- **Records for the task**:
********************
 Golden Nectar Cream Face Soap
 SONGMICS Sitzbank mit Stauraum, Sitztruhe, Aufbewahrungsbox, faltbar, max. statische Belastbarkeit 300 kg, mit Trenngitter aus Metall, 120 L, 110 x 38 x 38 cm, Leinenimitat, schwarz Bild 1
********************
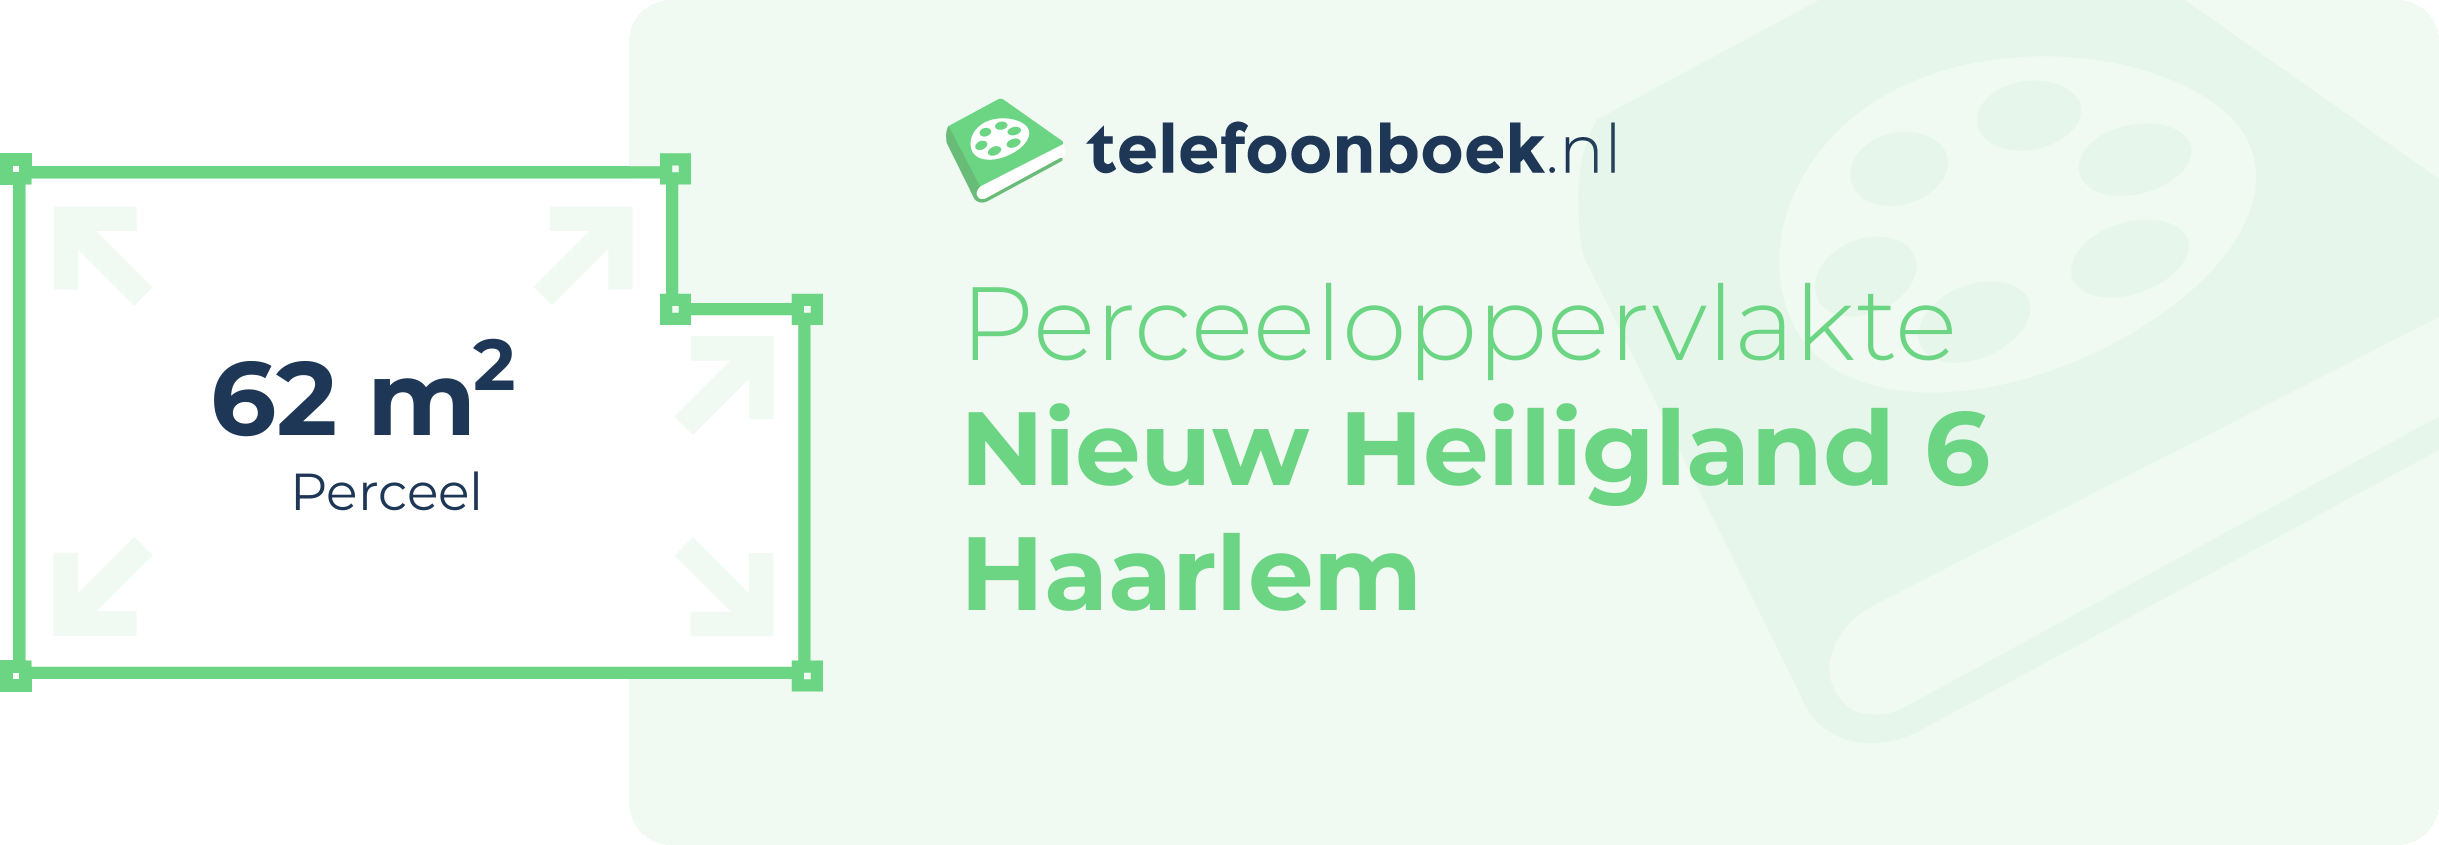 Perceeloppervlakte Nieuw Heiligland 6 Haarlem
********************
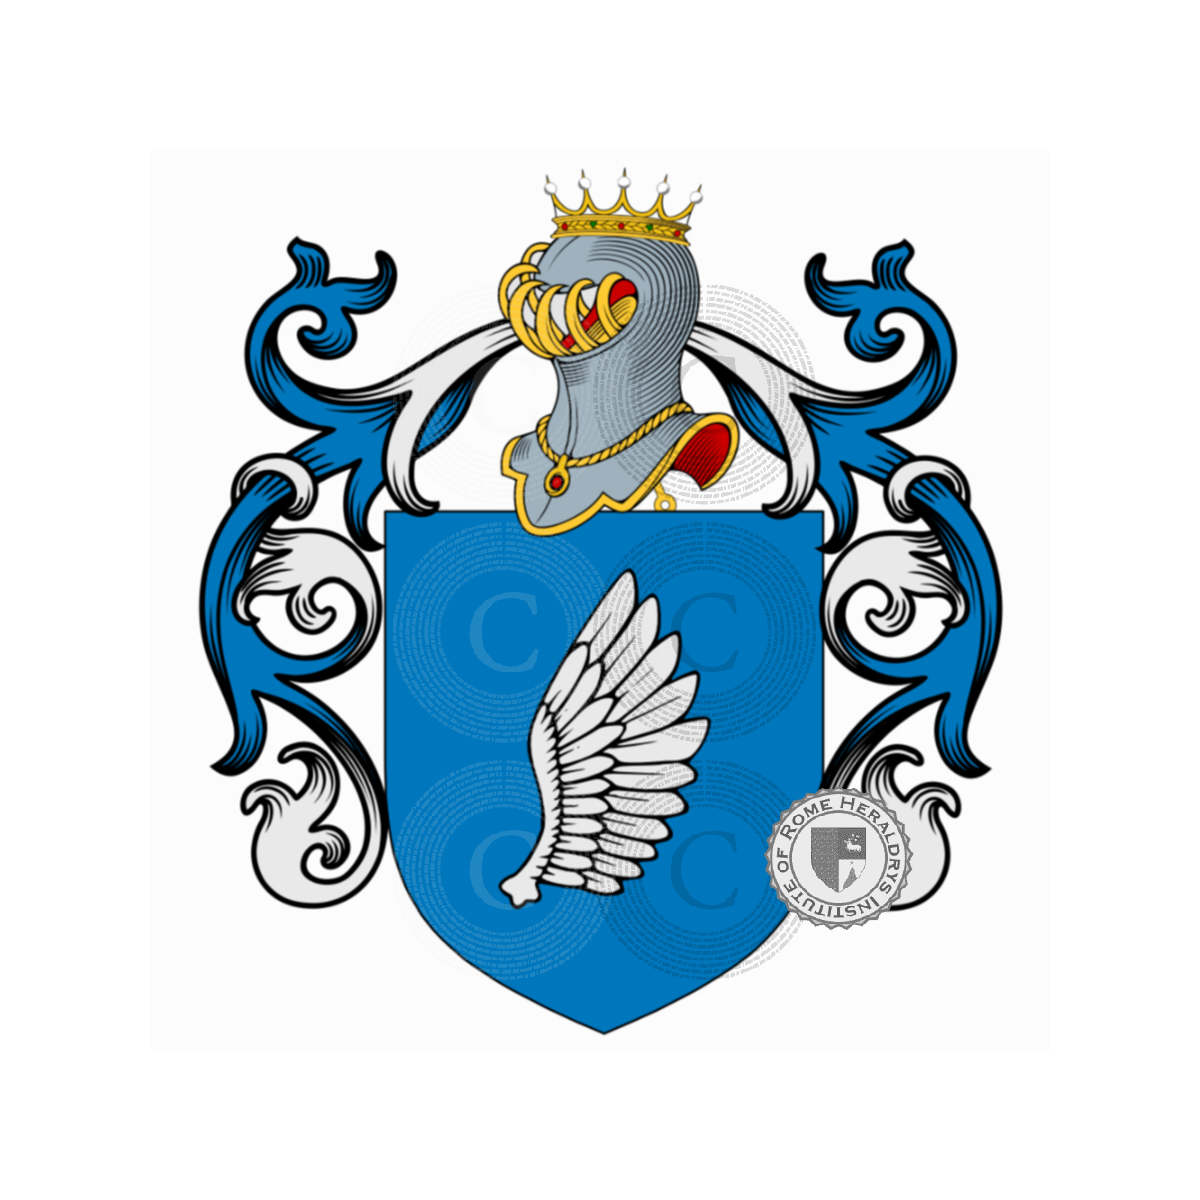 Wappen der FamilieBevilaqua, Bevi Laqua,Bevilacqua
********************
- **Requirement**: The required output is the stretch of entries above from the line containing "Golden Nectar Cream Face Soap" through the line containing "SONGMICS Sitzbank mit", reproduced exactly.

- **Task output**:
 Golden Nectar Cream Face Soap
 SONGMICS Sitzbank mit Stauraum, Sitztruhe, Aufbewahrungsbox, faltbar, max. statische Belastbarkeit 300 kg, mit Trenngitter aus Metall, 120 L, 110 x 38 x 38 cm, Leinenimitat, schwarz Bild 1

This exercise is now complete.